Been reading about "Virtual Visual Servoing" http://rainbow-doc.irisa.fr/pdf/2002_eurographics_marchand.pdf -- maybe the most convoluted way to explain a smoothing/filtering algorithm (?) that I've seen lol
(it's mentioned in https://github.com/Jcparkyn/dpoint as part of their pipeline, how they postprocess the camera tag detection, although if you look at the source code they pretty much just call an OpenCV function https://github.com/Jcparkyn/dpoint/blob/a108c19b9b240c1531b2d30ed47ba18bc604862e/python/app/marker_tracker.py#L166)
The survey paper that they did 14 years later https://inria.hal.science/hal-01246370v1/document completely drops the "visual servoing" metaphor/terminology and explains it purely as a computation -- you have to dig into the citations to figure out that they're talking about VVS here
@omar ooo is this a motion smoothing method for tracking stuff?

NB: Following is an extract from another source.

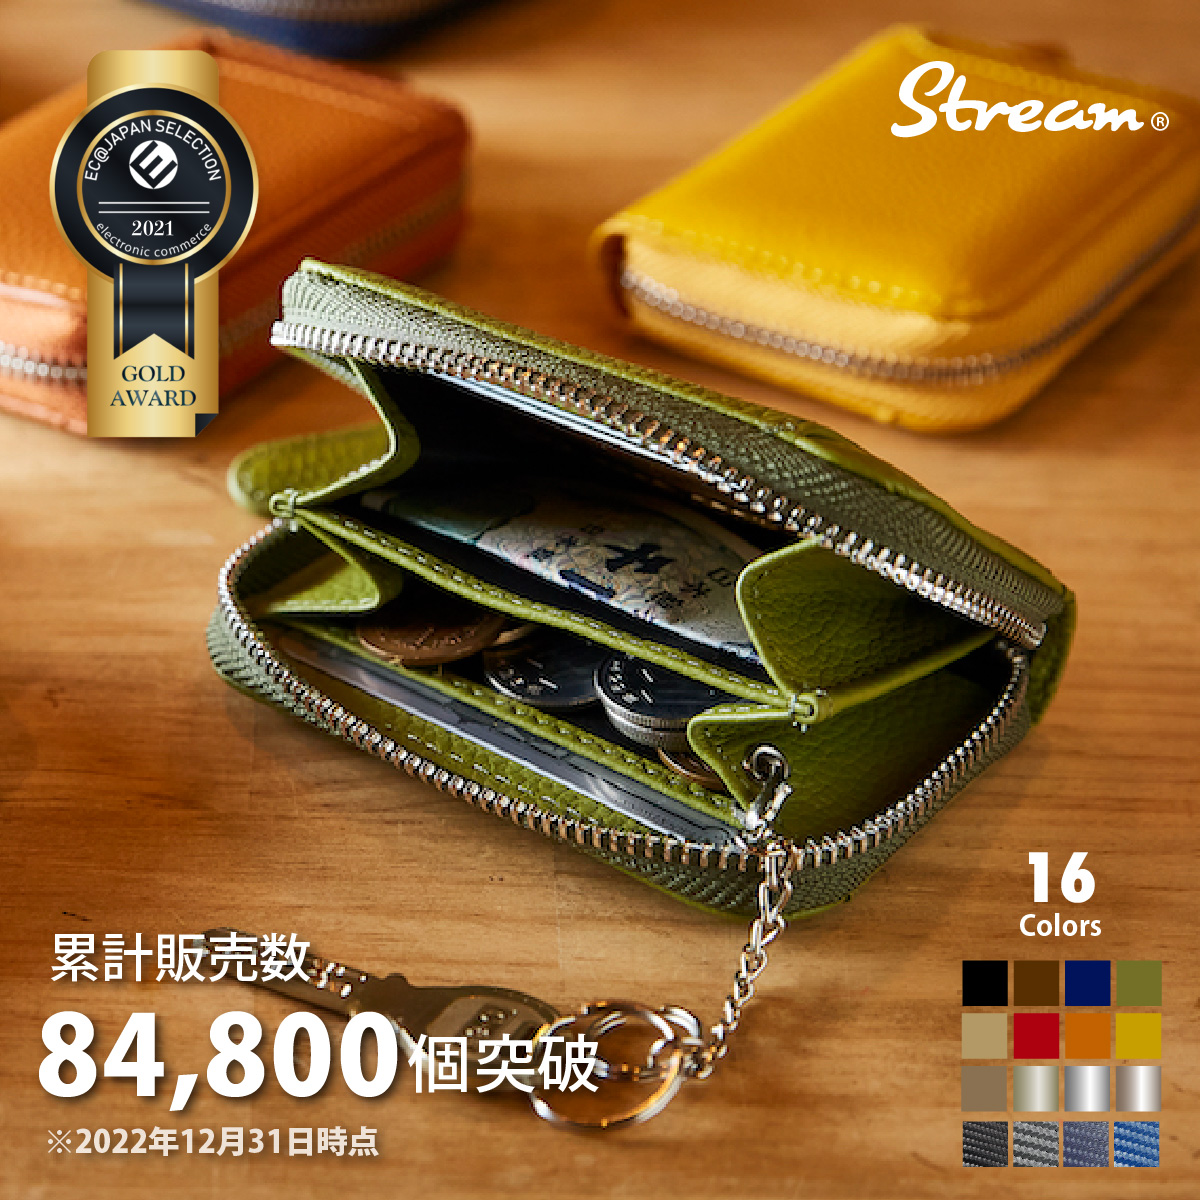 1170円 【67%OFF!】 未使用 イタリア製 革製長財布とコインケースの2つセット

@arcade Yes! I think we're gonna need it (or something like it) for 3D, it's just not stable enough out of the box (I think there's more degrees of freedom in 3D than in our current planar tracking) so we need a way to integrate previous frame's pose
@arcade There's also fundamental ambiguity where the same 2D image of a tag may represent one of 2+ discrete different poses so you really want to be able to disambiguate
@omar the method looks super sleek! That’d be great
@arcade I think it's not *quite* just motion smoothing, because it's not like you start with a 3D pose detector already and then use this as a filter to smooth that, you start with [a 2D detection] and [previous frame's estimated 3D pose] then this method gives you [new estimated 3D pose], but yeah it includes smoothing in some sense
@omar it would help keep the tracking more stable if I understand it.